TASK DETAILS: Look through the data below for the line with "Terraced houses on", and transcribe it exactly together with each line after it up to and including the line with "AM 太めホクホク Jagabee". Give nothing else.

GIVEN DATA:
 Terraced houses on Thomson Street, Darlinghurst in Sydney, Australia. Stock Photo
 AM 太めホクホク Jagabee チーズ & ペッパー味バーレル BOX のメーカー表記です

* * *

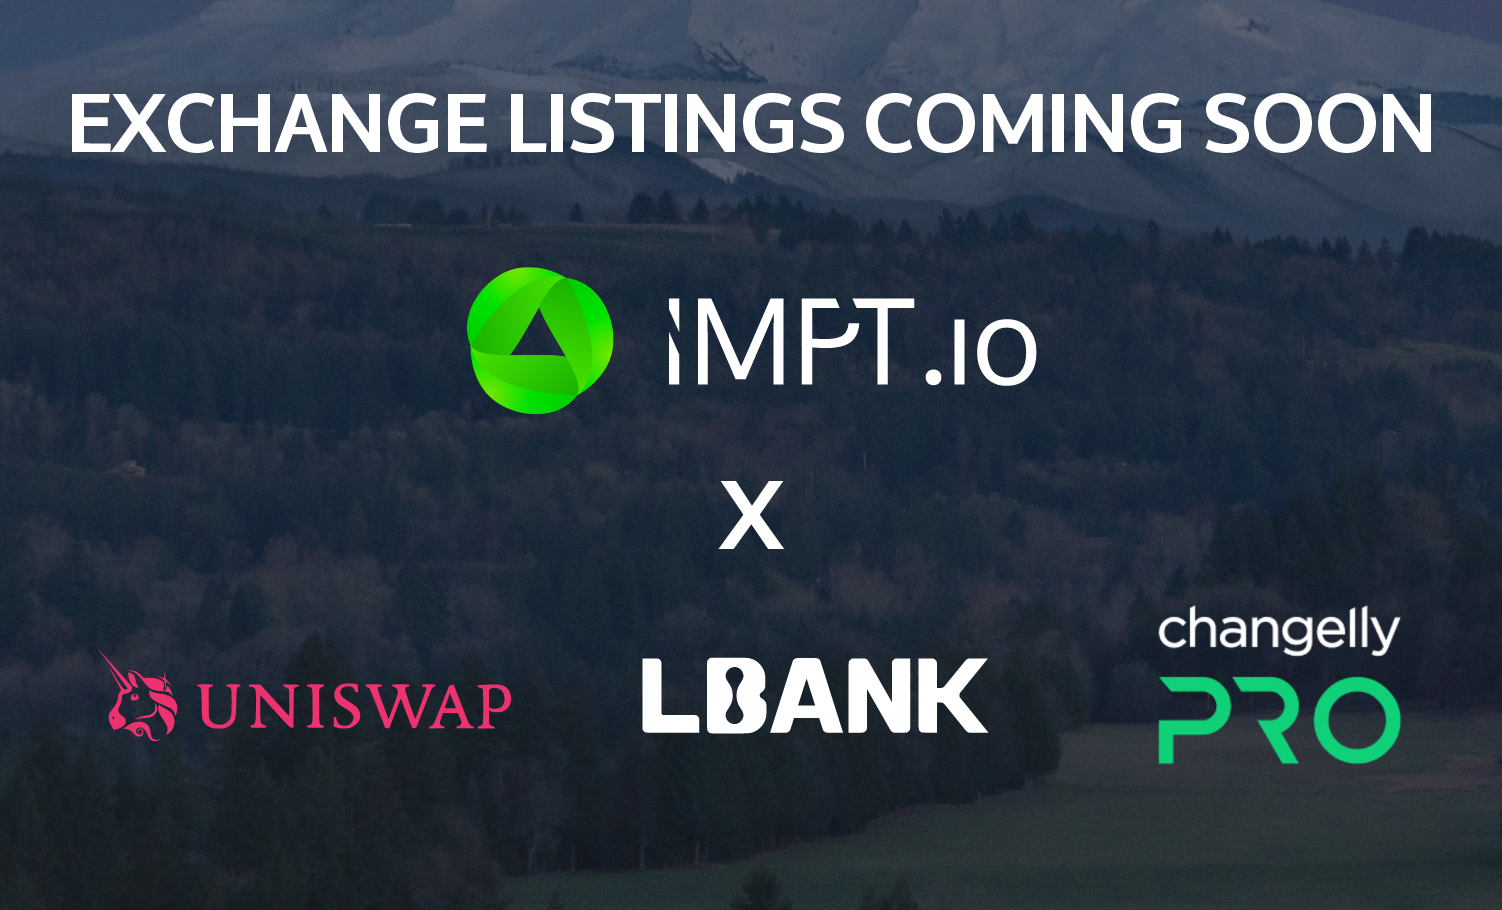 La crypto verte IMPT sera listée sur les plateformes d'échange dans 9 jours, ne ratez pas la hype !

SOLUTION BELOW:
 Terraced houses on Thomson Street, Darlinghurst in Sydney, Australia. Stock Photo
 AM 太めホクホク Jagabee チーズ & ペッパー味バーレル BOX のメーカー表記です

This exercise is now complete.